近年来伴随飞速发展的电子技术,计算机技术特别是软件无线电的广泛应用,无线电海洋遥感观测的整体技术和性能都得到了不断的改进和提高。武汉大学电波传播实验室承担的国家863计划“便携式高频地波雷达海洋环境监测技术研究”课题,完成了国内第一台商业化带频谱监测的高频地波海洋环境监测雷达OSMAR-S200的系统设计。本文提出了一种多工作状态雷达系统的设计方法,通过灵活配置的工作时序,在一个雷达工作周期内完成雷达回波接收处理和外部噪声采集处理,通过严格控制的工作时序实现对雷达各个模块的控制。雷达在每个线性调频周期的间歇完成对外部噪声数据的采集分析,选择较为“纯净”的工作频段,提高了雷达主动抗干扰性能,从而提高雷达的工作指标和性能。本文根据在多工作状态下的相参雷达采样时序特点,对接收机中的数字信号处理算法进行了相应的调整,提出一种全新的高效数据处理结构,且对该算法结构的功能进行了推广应用,能够实现任意频带信号的提取以及将信号调制至用户设定的频带上。除此之外,该雷达系统具有宽工作频带的特点,其频率范围覆盖高频至超高频,因此雷达系统能够适应多个频段工作的要求。本文中的超高频雷达水面散射试验研究来自于电波实验室承担的国家自然科学基金资助课题“超高频海洋回波特性观察与建模研究”。文中给出了在多种环境下的超高频雷达试验并给出相应的结果分析。另外给出了雷达工作在不同频段时,系统参数设计的特点及分时多频(双频)的设计方案和要点。
全文的主要研究内容及创新工作如下:
1.本文提出了一种多工作状态雷达系统的设计方法,通过灵活配置的工作时序,能够在一个工作周期内完成多个工作状态。本文以雷达系统实现频谱监测功能为例,根据雷达系统的结构和信号处理特点,提出了通过分时共用的方法,在频谱监测时段通过系统的接收通道来实现外部噪声数据的采集分析。在本文中给出了频谱监测的具体方法和信号处理流程以及频谱监测的参数设计介绍。并在现场试验中对本系统频谱监测结果与专用频谱分析设备采集的外部噪声频谱进行了对比验证,结果证明该频谱监测具有稳定可靠的特点。

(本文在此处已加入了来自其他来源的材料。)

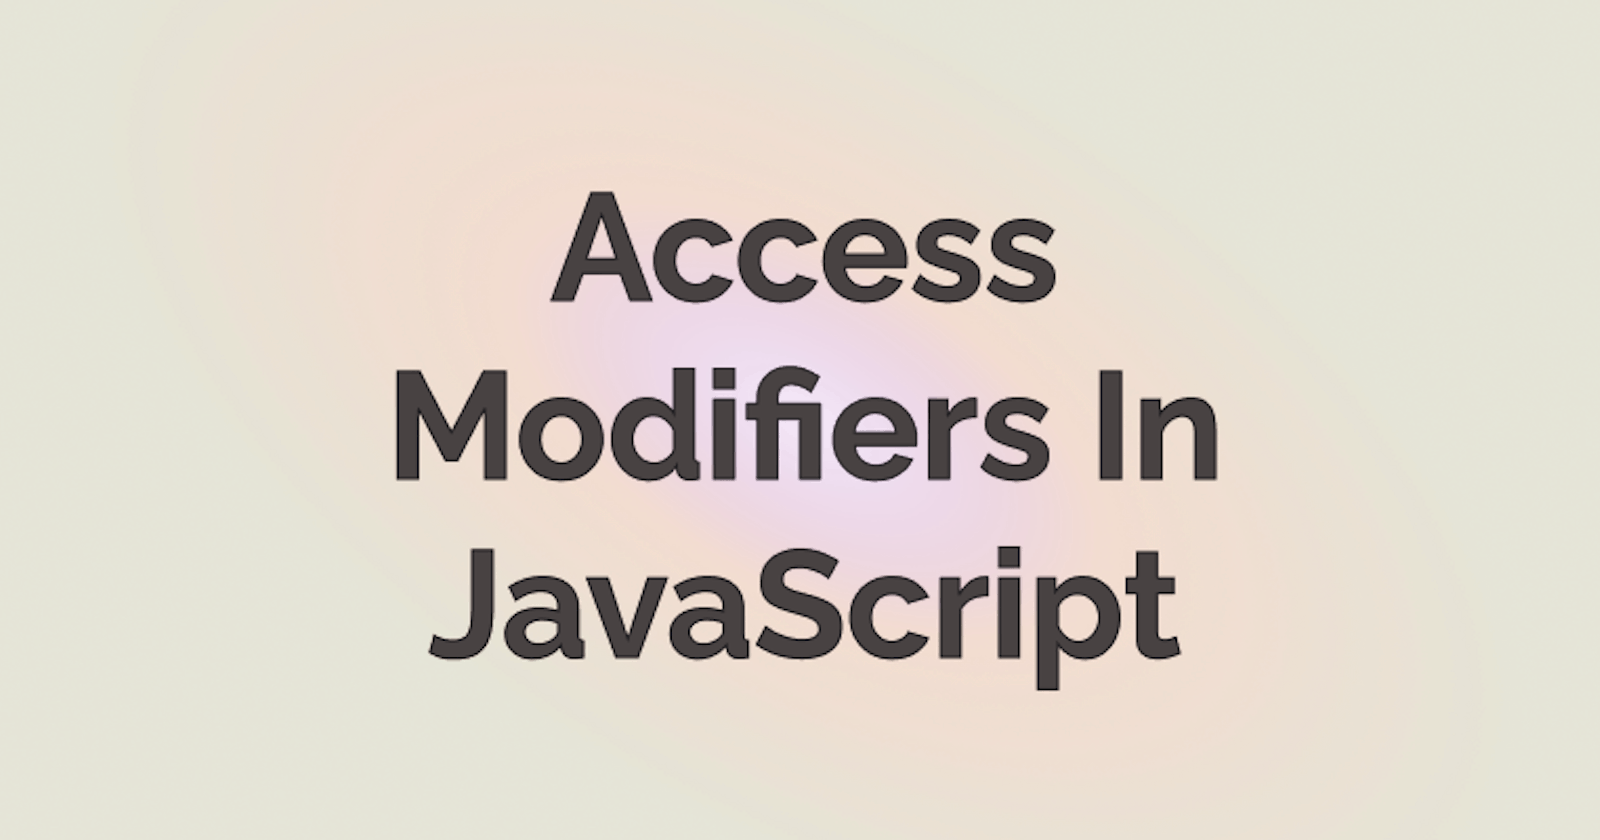 What Are Access Modifiers In JavaScript

2.本文给出了在多个状态的条件下,为了保证每个工作状态数据采集和处理的独立性,提出了一种高效的数据解调算法,算法采用了分组抽取FFT相位补偿累加的办法实现了雷达距离解调。具有运算速度快,频谱信息保存完整的特点。同时本文对该方法进行了深入研究,能够实现任意频带信息的提取以及将信号调制至用户设定的频带上,文中给出了详细的实现方法和信号处理流程。

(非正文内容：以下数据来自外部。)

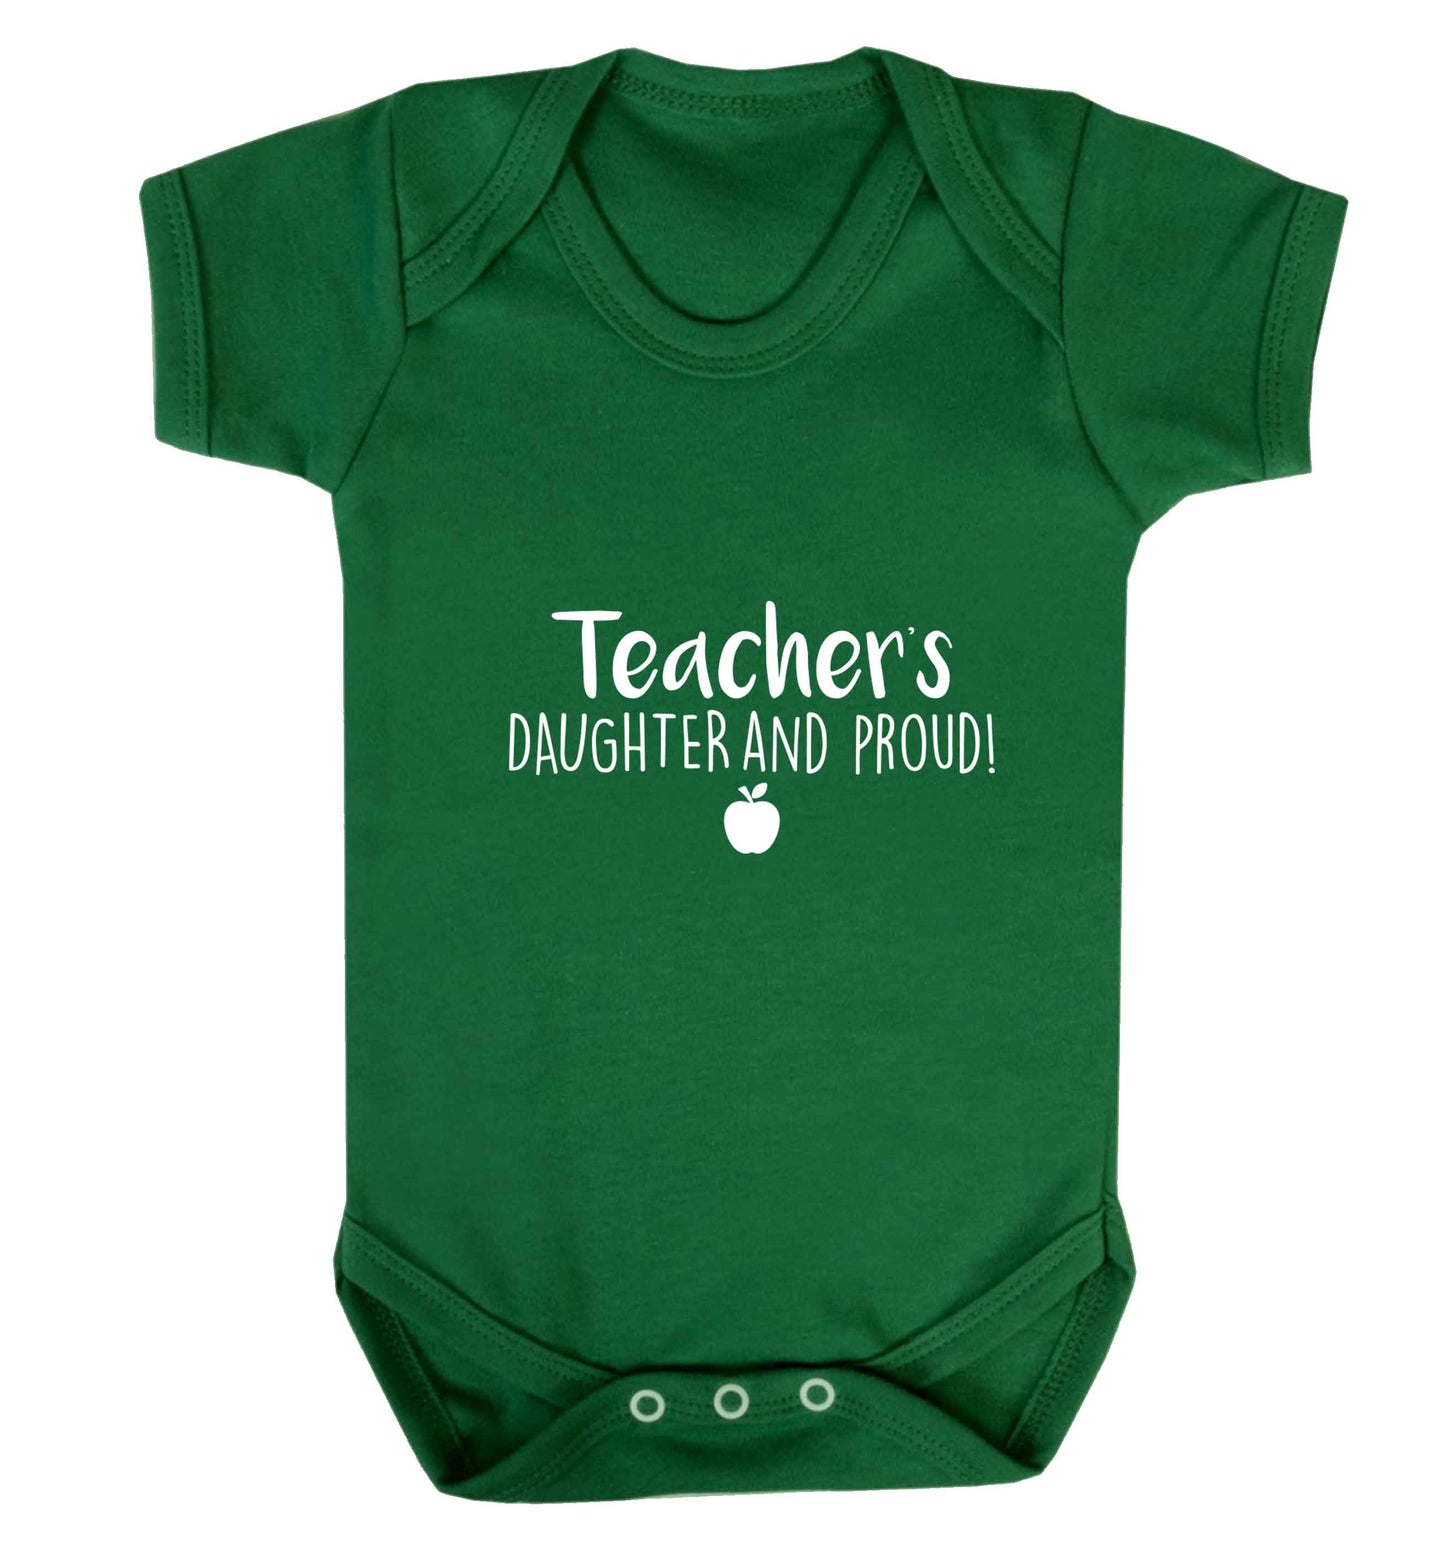 Teachers daughter and proud baby vest green 18-24 months

3.该雷达系统为一个开放式试验平台,工作频率范围覆盖高频段到超高频段,为分时多频雷达系统设计奠定了技术基础,雷达配置为超高频段时,我们分别完成了不同水体特性下的散射试验,给出了沿岸海洋动力学和武汉长江二桥河道探测试验介绍,并给出了结果分析。另外系统完成了4-5MHz、7-8MHz、12-14MHz、25MHz和305MHz的现场试验,本文给出了多个频段的参数设计和系统结构特点,另外结合雷达系统多工作状态的时序特点,可以将系统配置成分时多频(双频)雷达,文中给出了分时多频(双频)理论和技术方面的相关研究。
Over the past three decades, significant advances have been made in the use of high frequency surface wave radar (HFSWR) for real-time and all-weahter remote sensing of ocean surface dynamic parameters, including wind, wave and current i.e. Compared to other measuring instruments, HFSWR has the advantage of high resolution, large area covering, real-time and lower cost. Because of these advantages and potentional exploration, so it is necessary to develop our own high frequency radar system for the security the country and the investigation of oceanic rescourses.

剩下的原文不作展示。